• **Task item**:
Copy exactly the stretch of lines from the one holding "Staff Bike: DNA" through the last line of the data below, inclusive. Leave out pictures.

• **Data section**:
[Start of section]

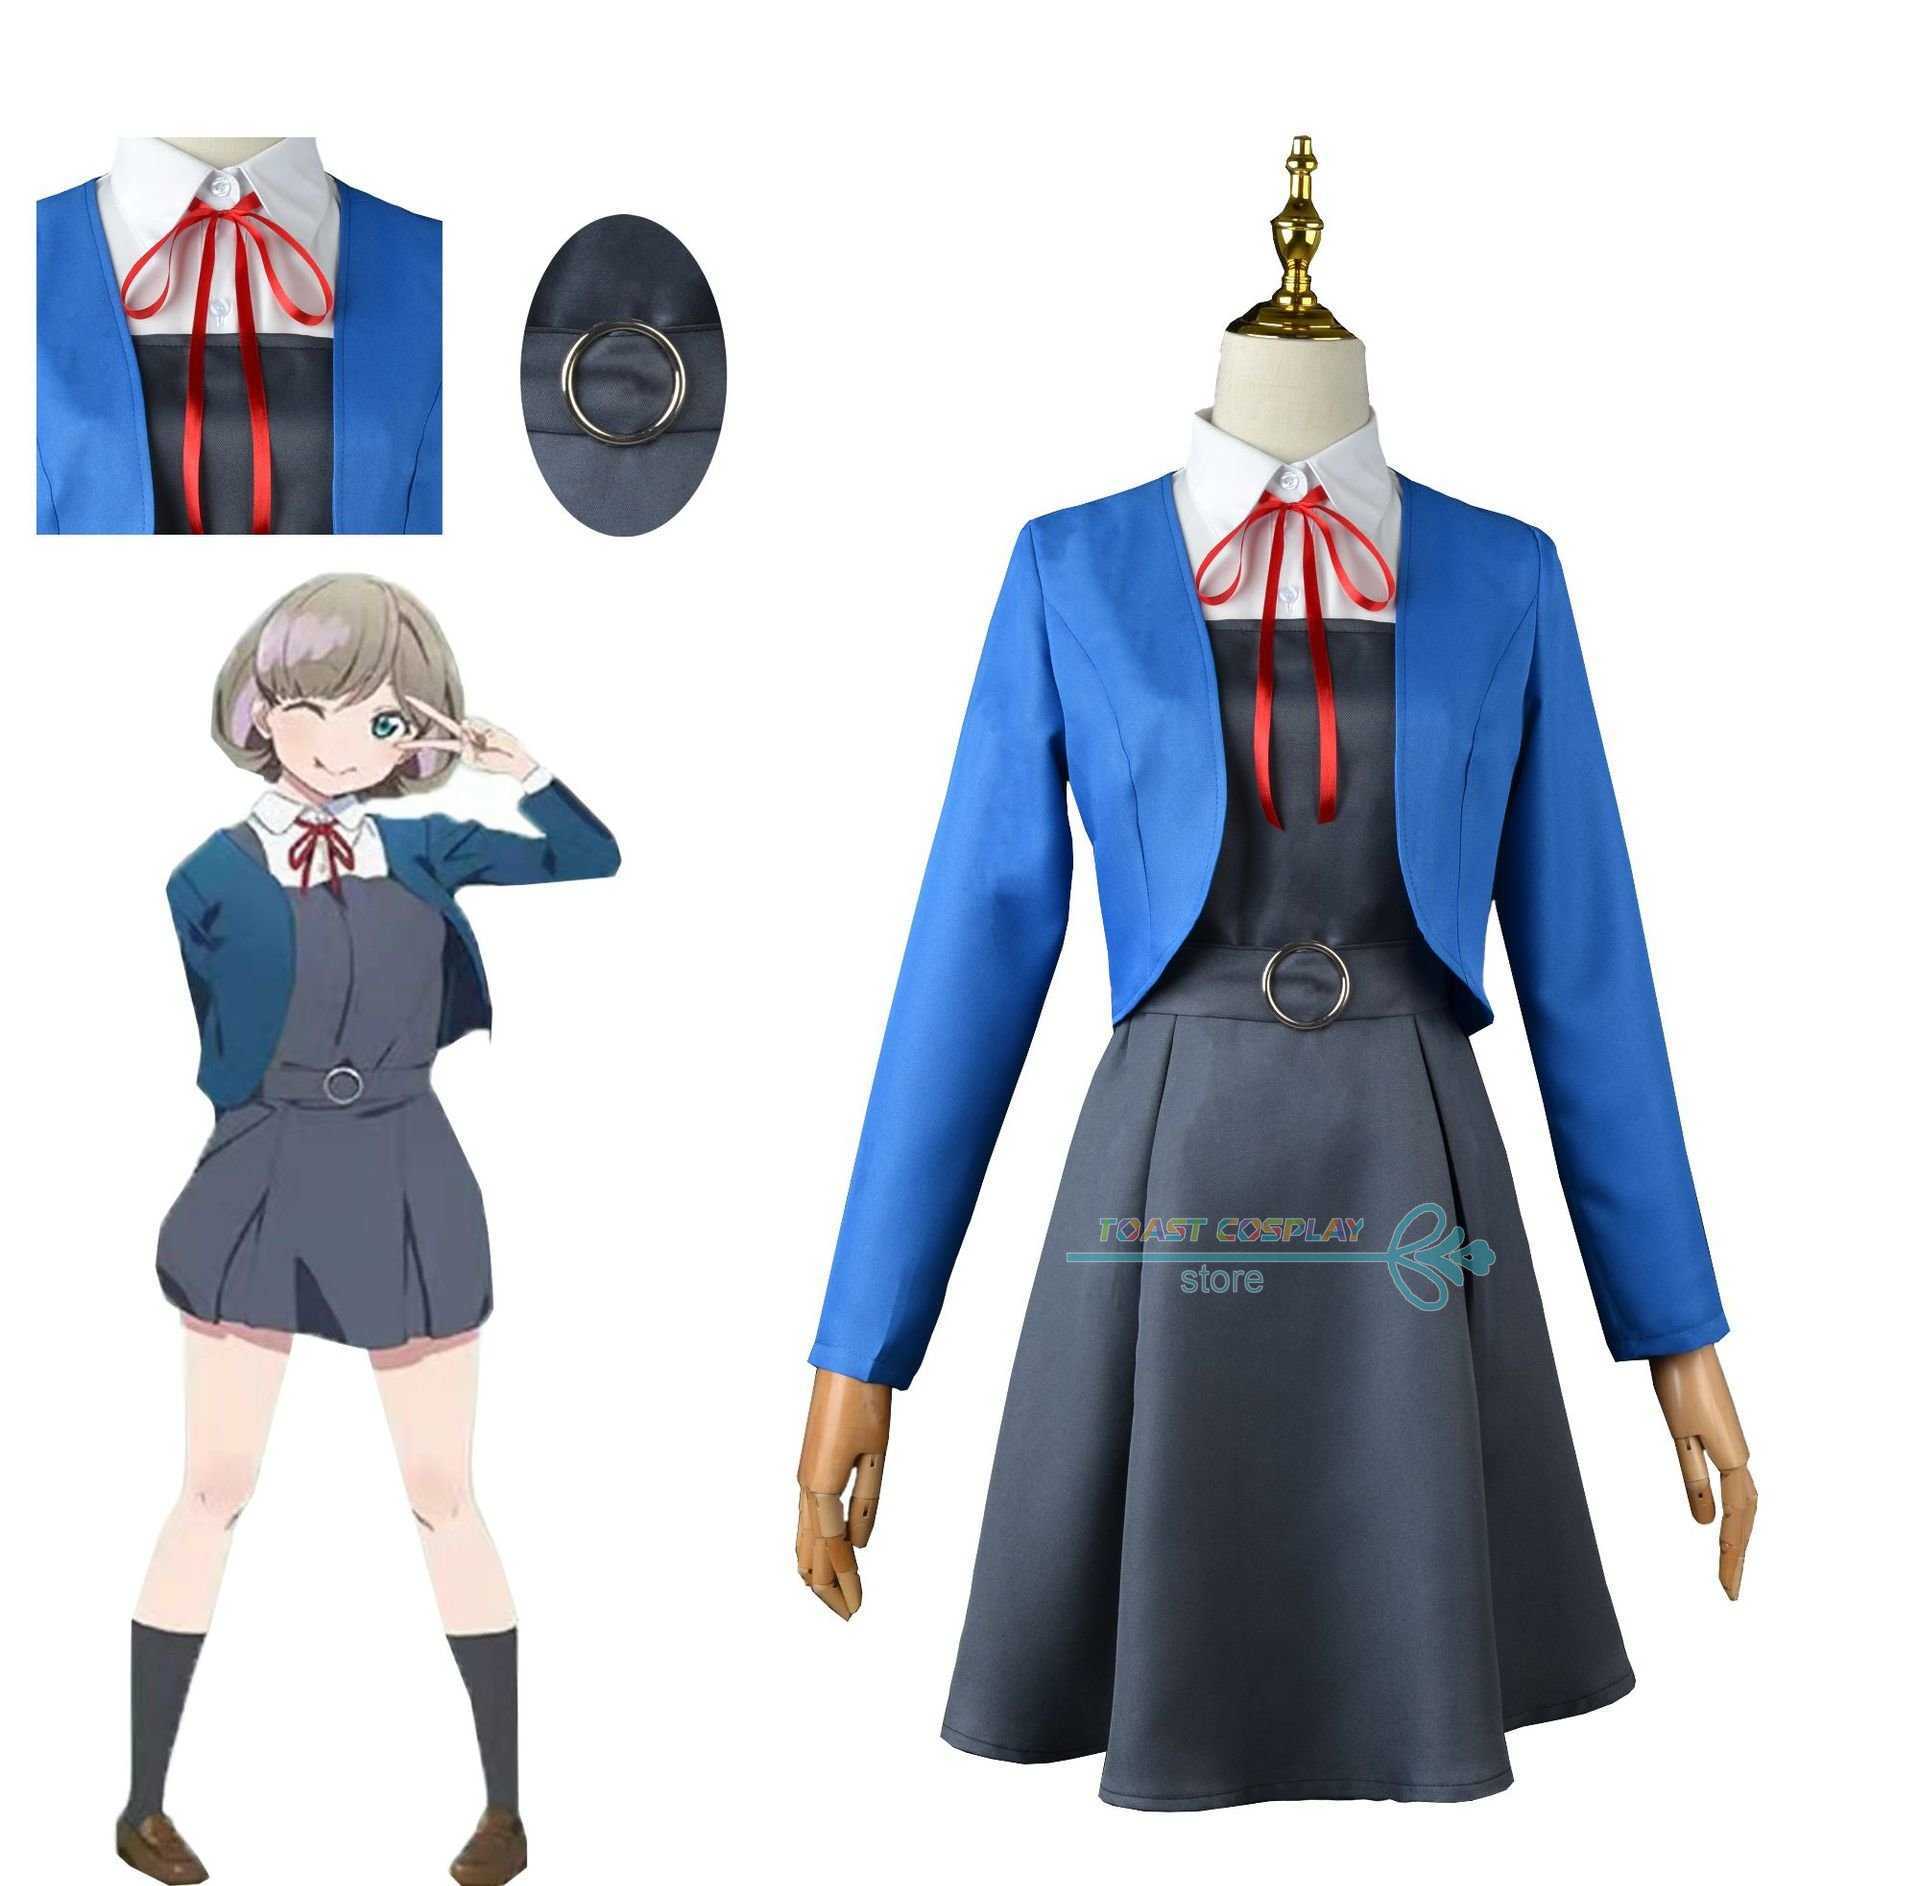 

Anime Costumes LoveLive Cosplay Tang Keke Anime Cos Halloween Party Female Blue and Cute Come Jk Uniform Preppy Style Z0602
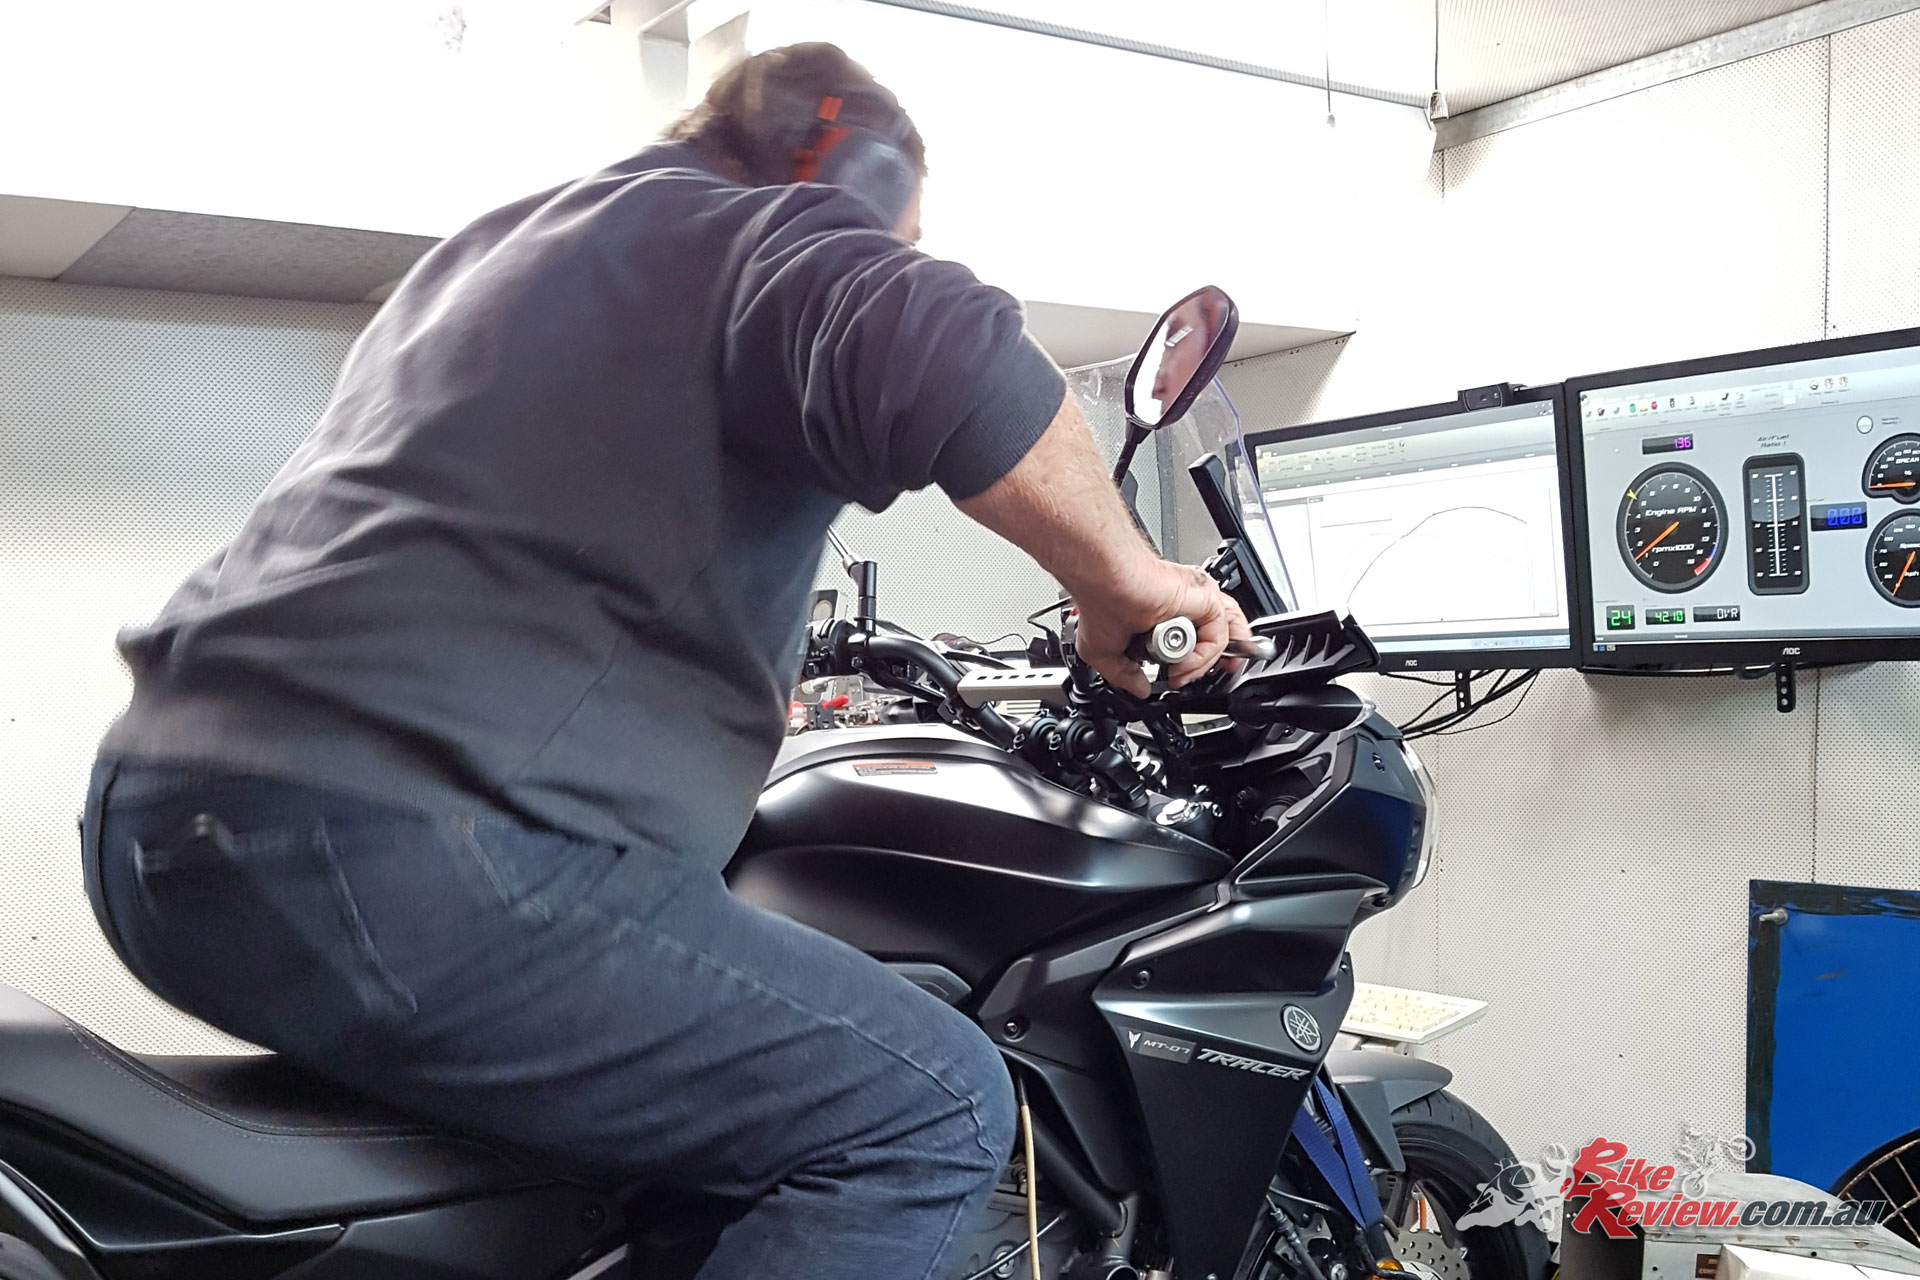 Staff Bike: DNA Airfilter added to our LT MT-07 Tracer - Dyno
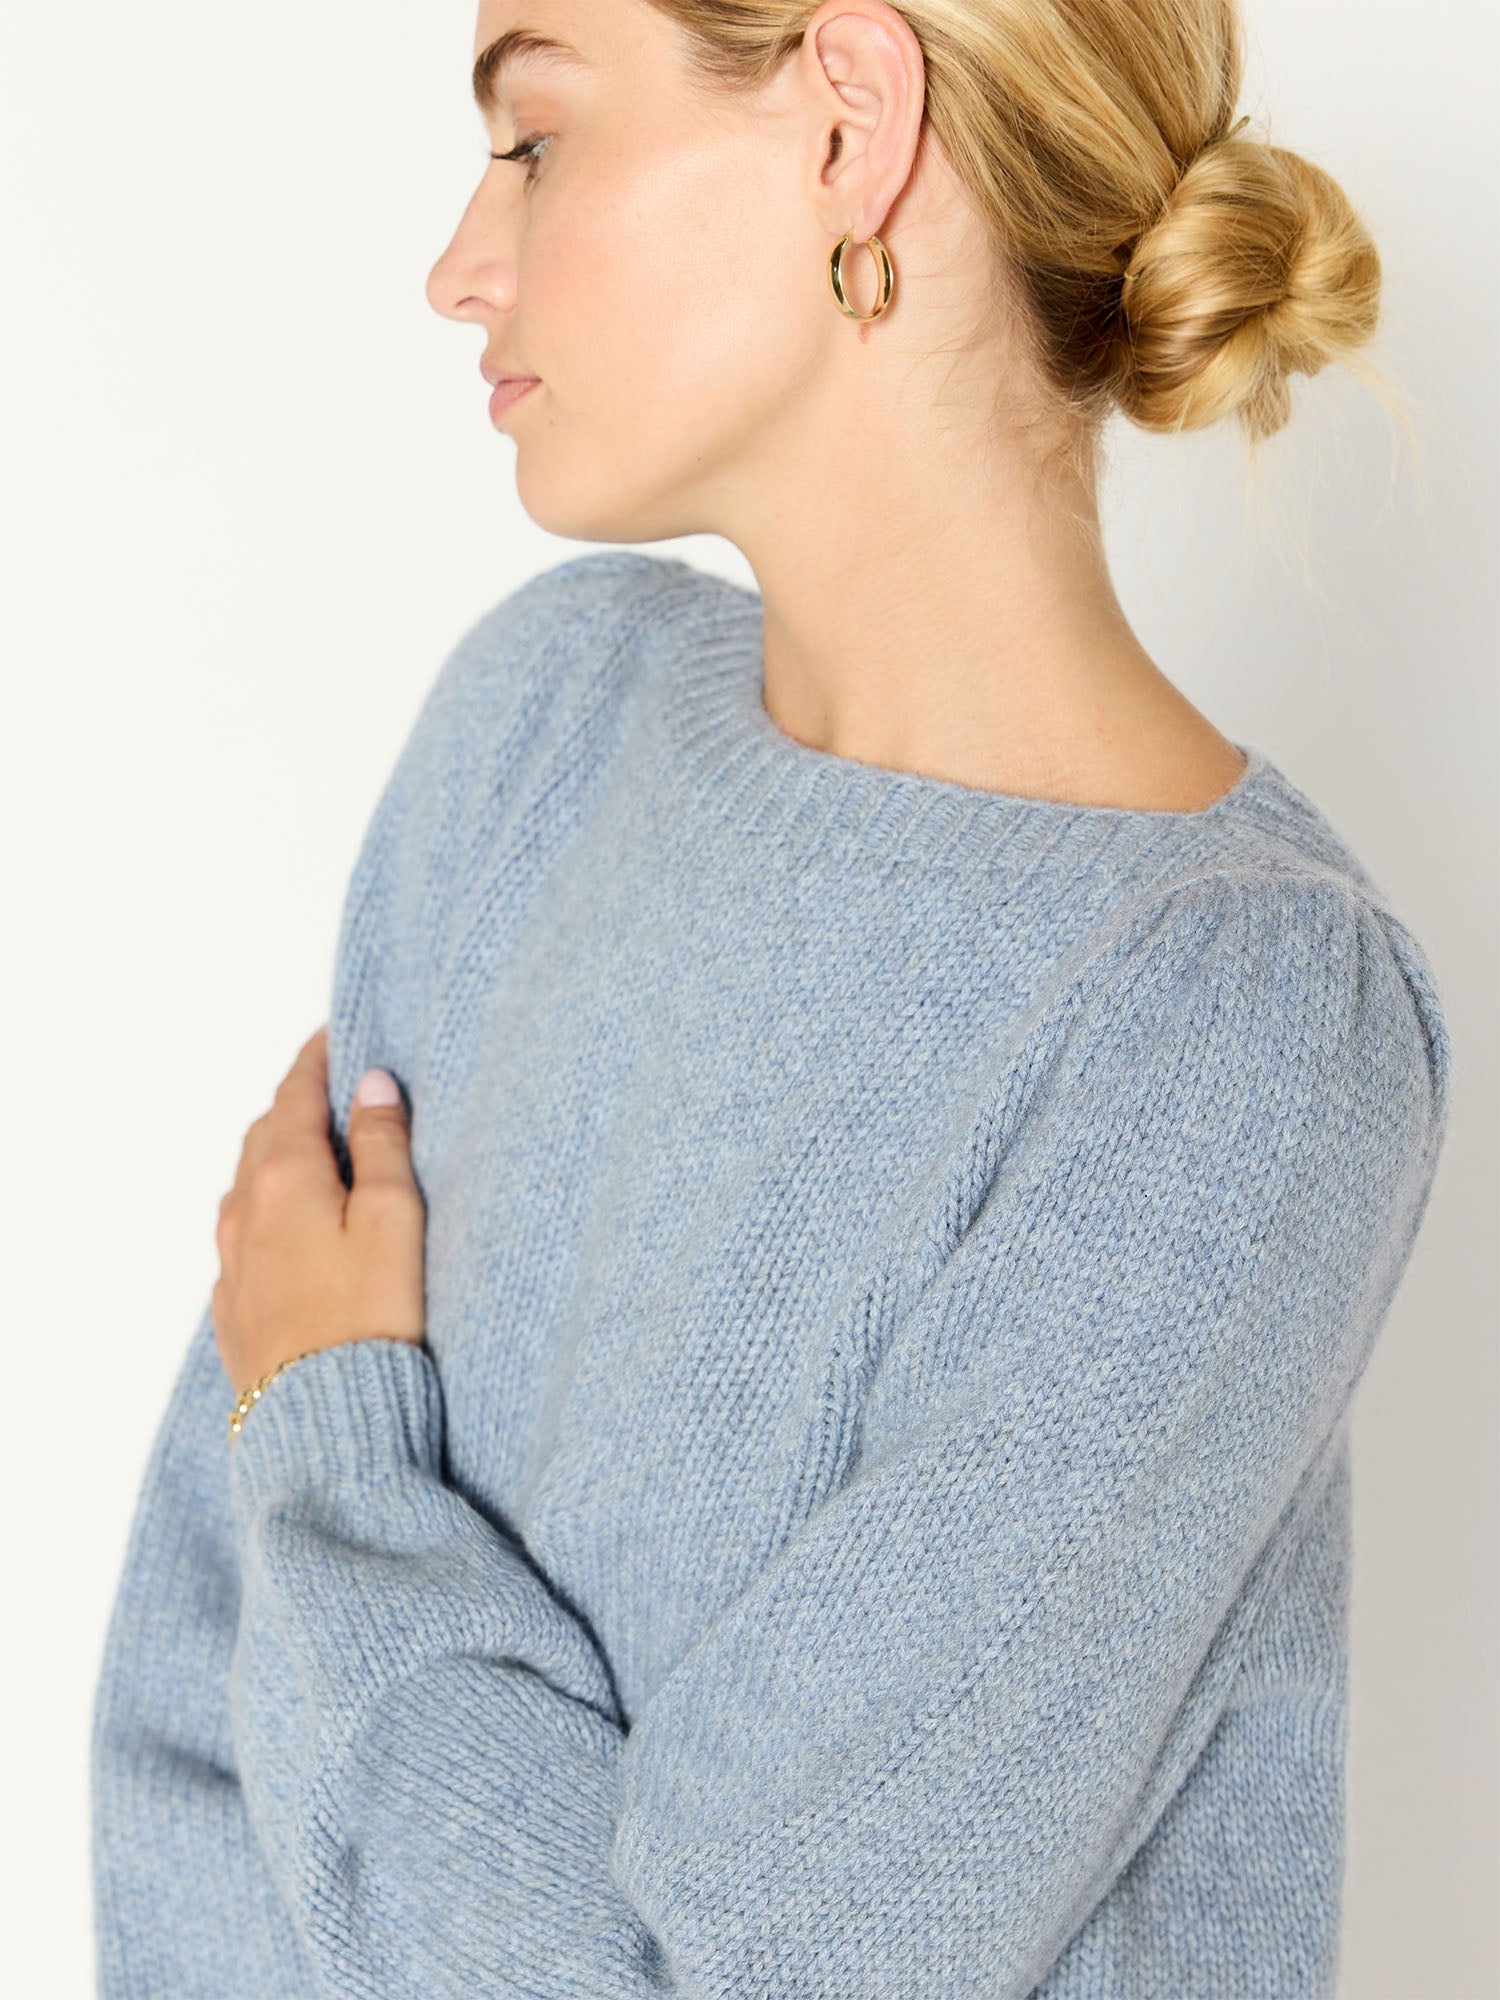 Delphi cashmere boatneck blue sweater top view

[End of section]

• **Exercise result**:
 Staff Bike: DNA Airfilter added to our LT MT-07 Tracer - Dyno
 Delphi cashmere boatneck blue sweater top view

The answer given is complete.